Records from a data source

---

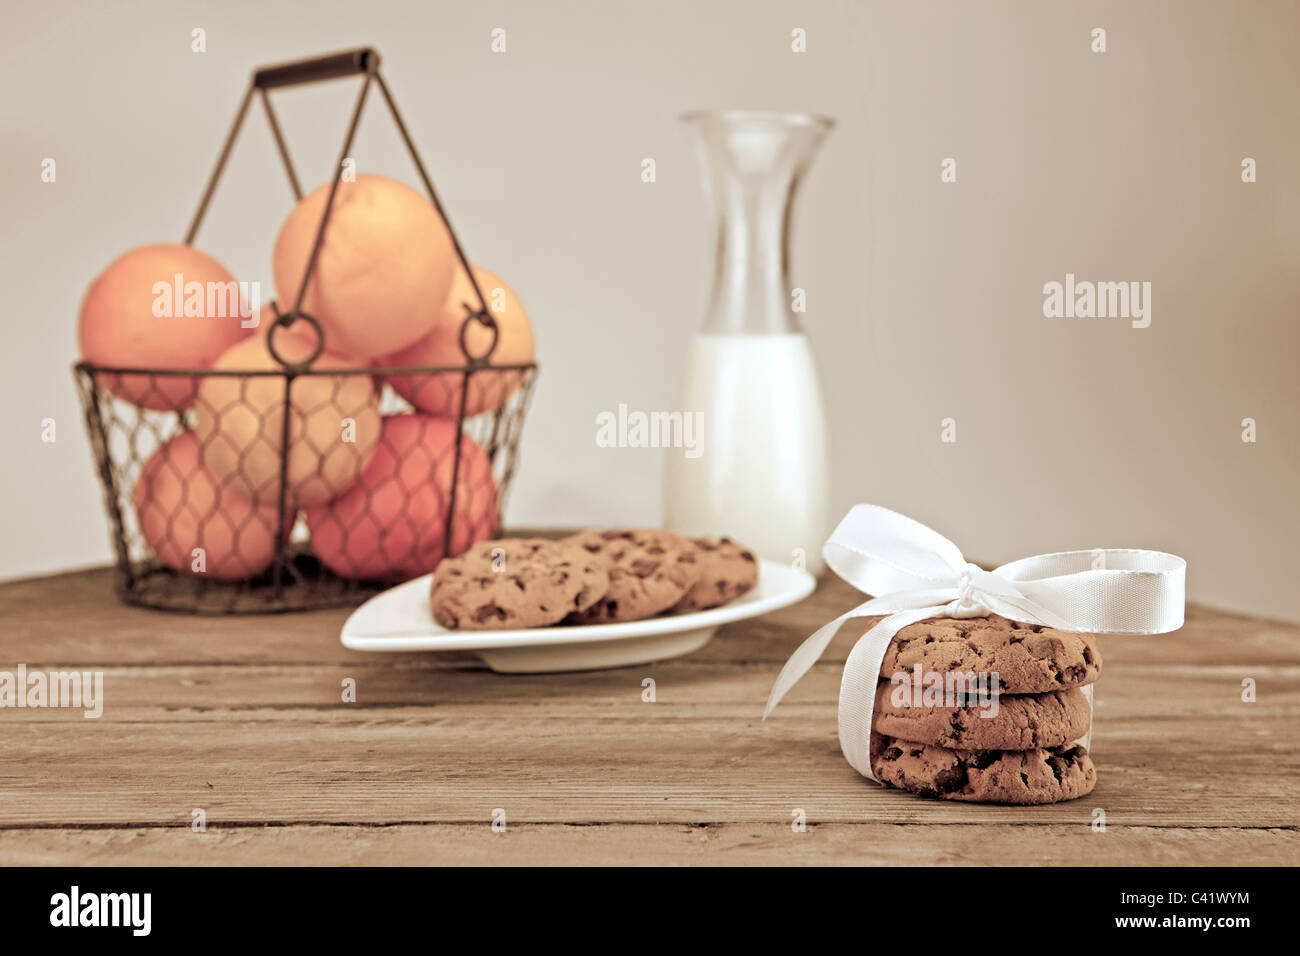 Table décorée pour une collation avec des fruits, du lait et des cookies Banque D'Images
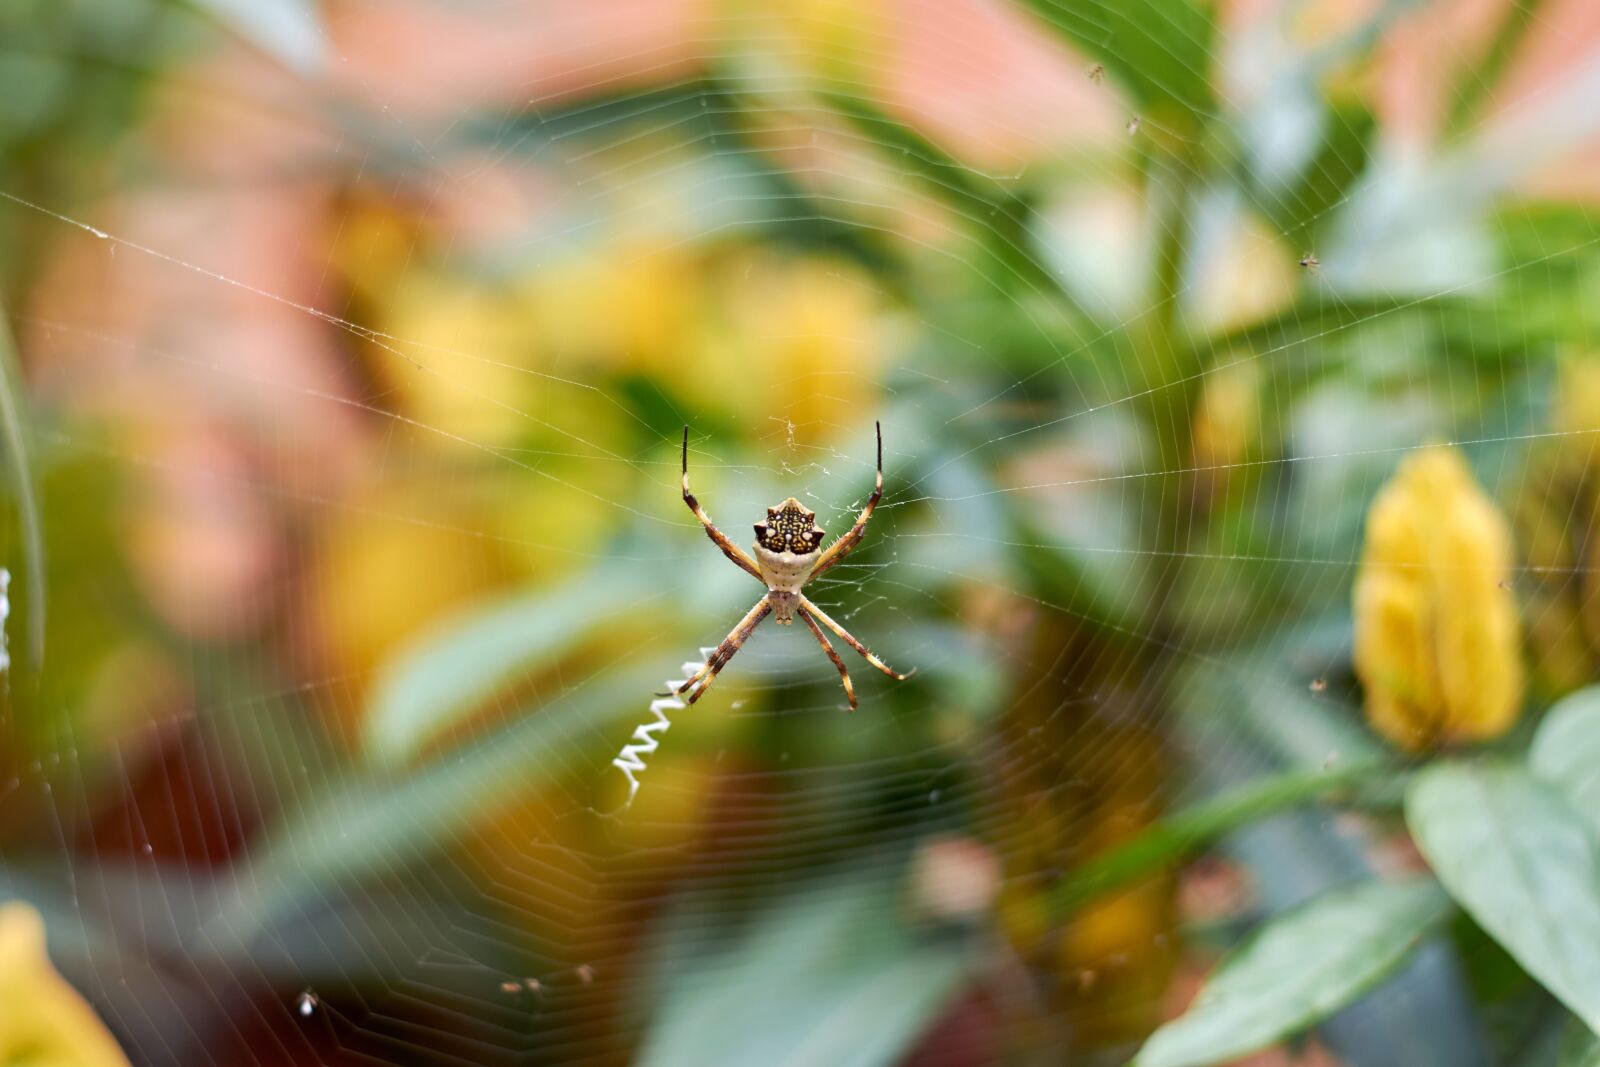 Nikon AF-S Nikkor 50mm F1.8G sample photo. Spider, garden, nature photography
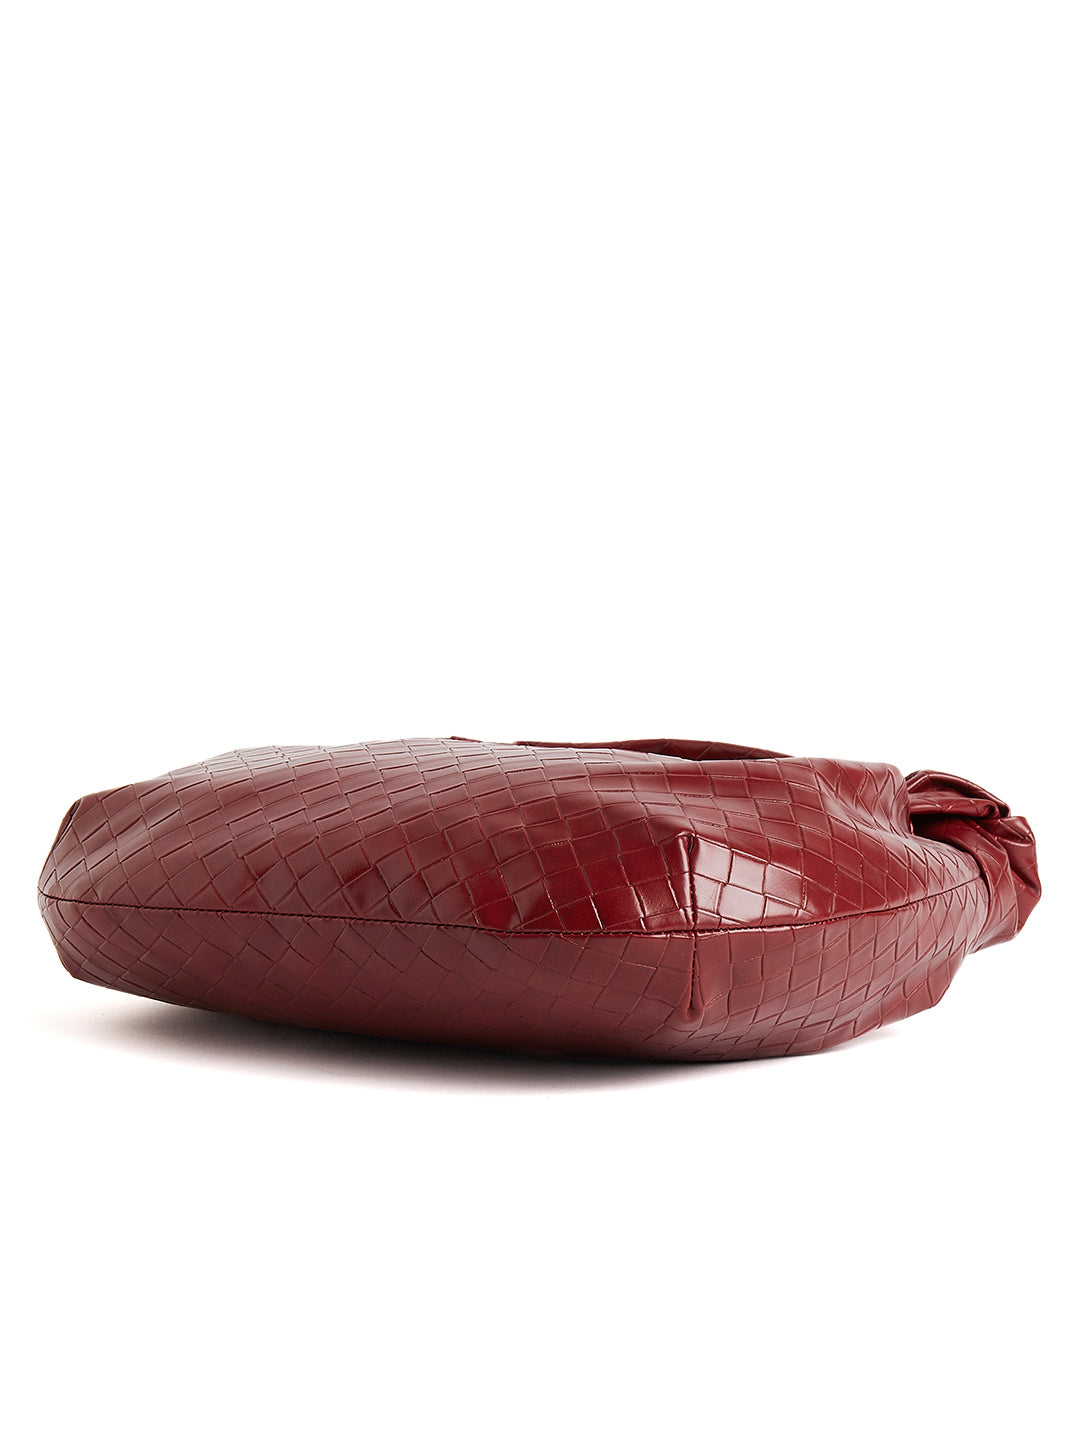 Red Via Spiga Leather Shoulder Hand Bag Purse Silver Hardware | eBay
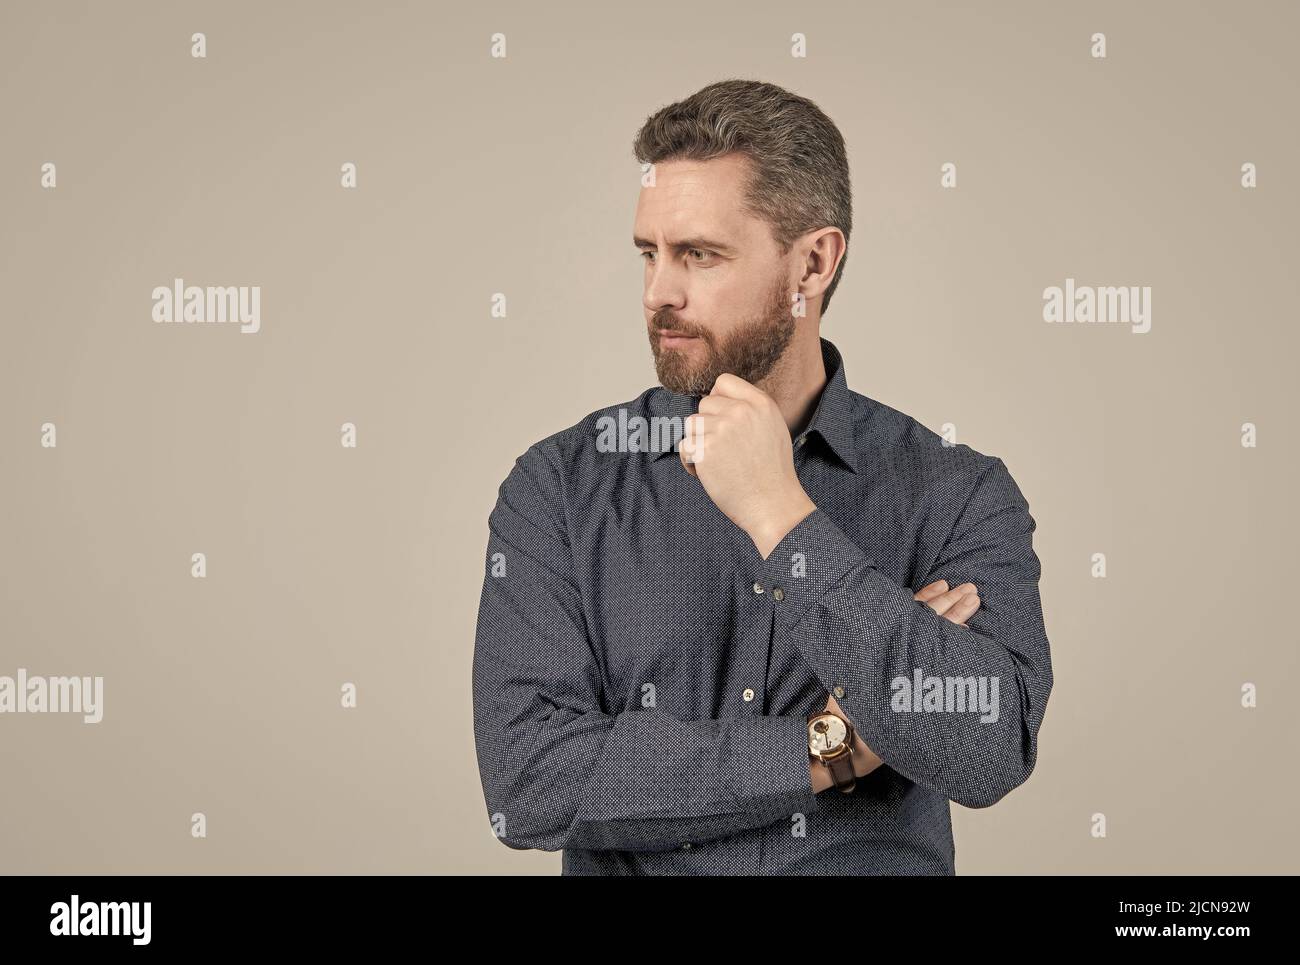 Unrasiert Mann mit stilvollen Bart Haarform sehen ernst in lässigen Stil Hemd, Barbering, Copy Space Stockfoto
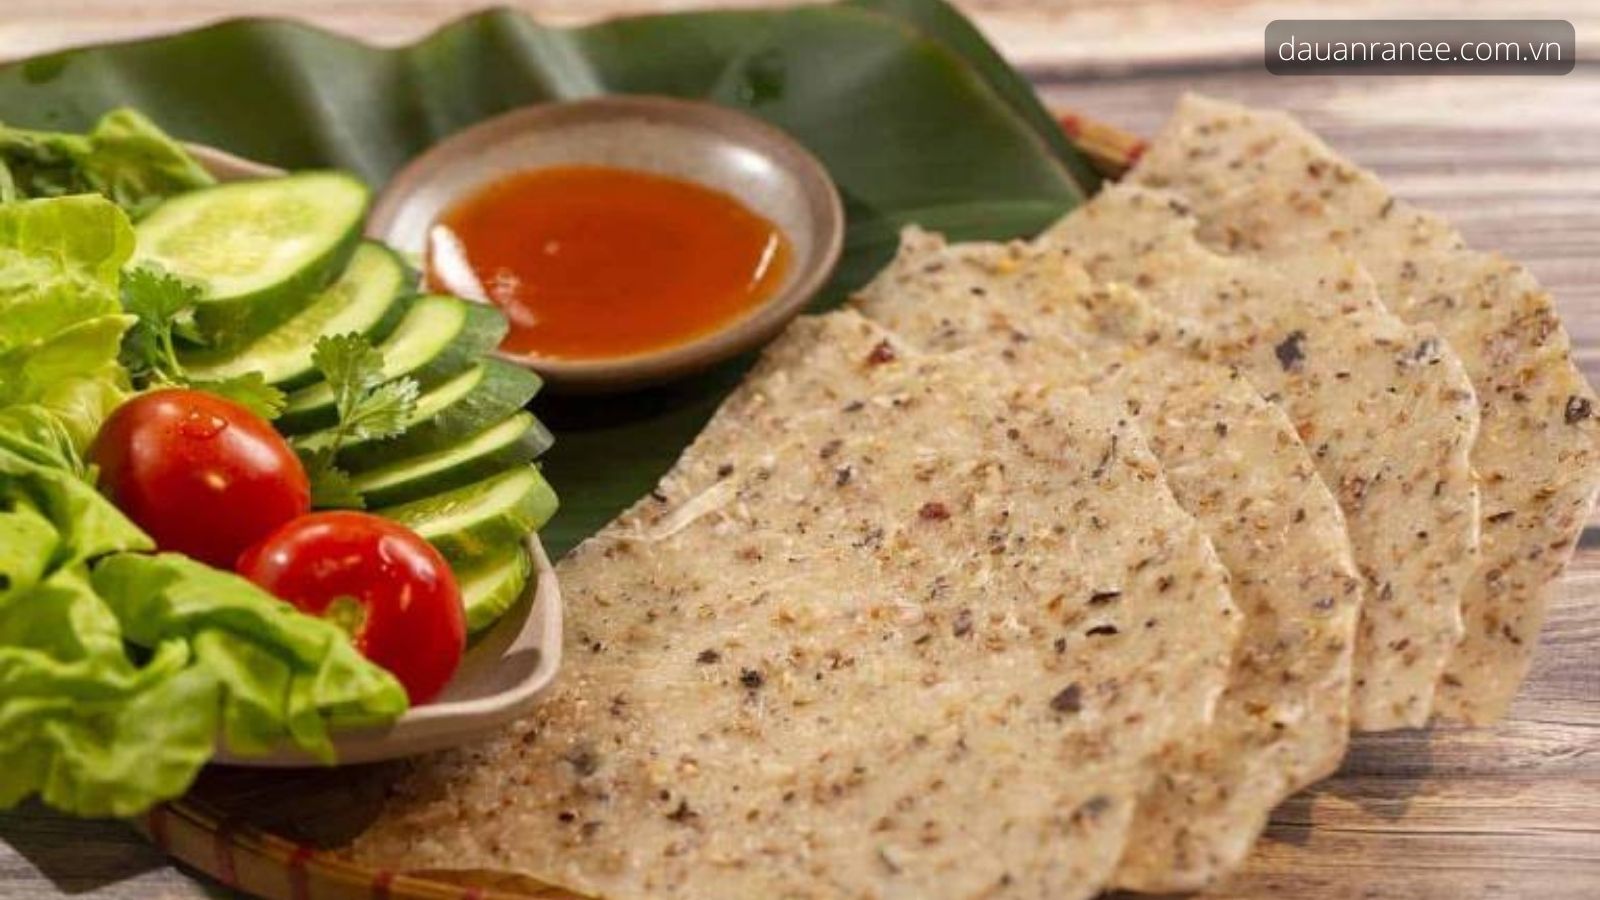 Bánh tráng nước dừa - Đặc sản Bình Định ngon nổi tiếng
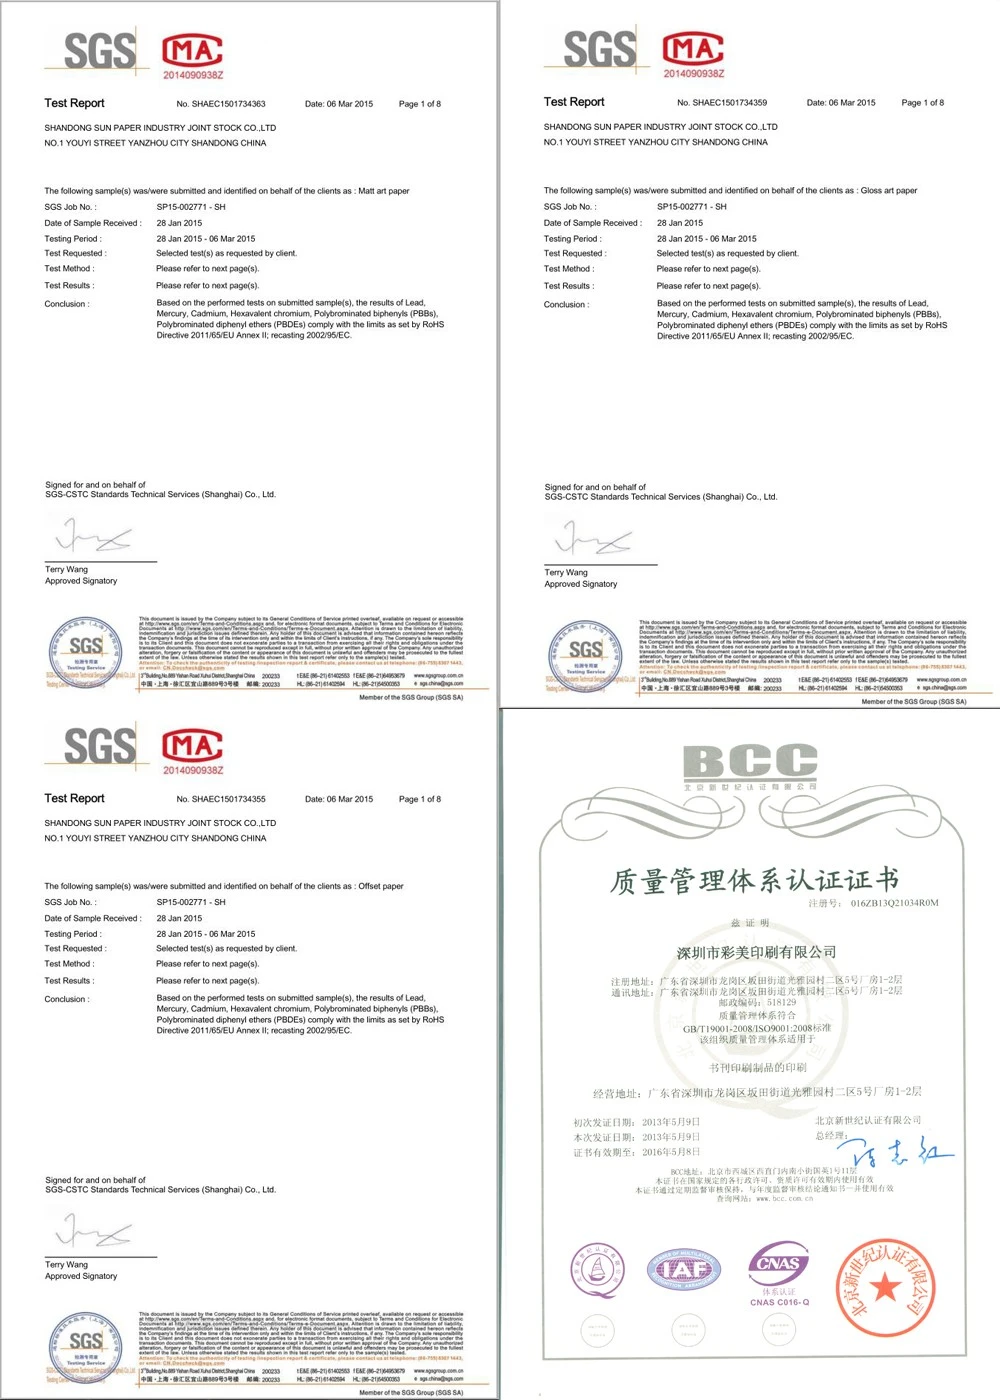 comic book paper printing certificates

---

-- What the exercise asks --
Please set down the records exactly, and keep every image out of the copy.

-- Exercise response --
 Table décorée pour une collation avec des fruits, du lait et des cookies Banque D'Images
 Nikon AF-S Nikkor 50mm F1.8G sample photo. Spider, garden, nature photography
 Red Via Spiga Leather Shoulder Hand Bag Purse Silver Hardware | eBay
 Unrasiert Mann mit stilvollen Bart Haarform sehen ernst in lässigen Stil Hemd, Barbering, Copy Space Stockfoto
 Bánh tráng nước dừa - Đặc sản Bình Định ngon nổi tiếng
 comic book paper printing certificates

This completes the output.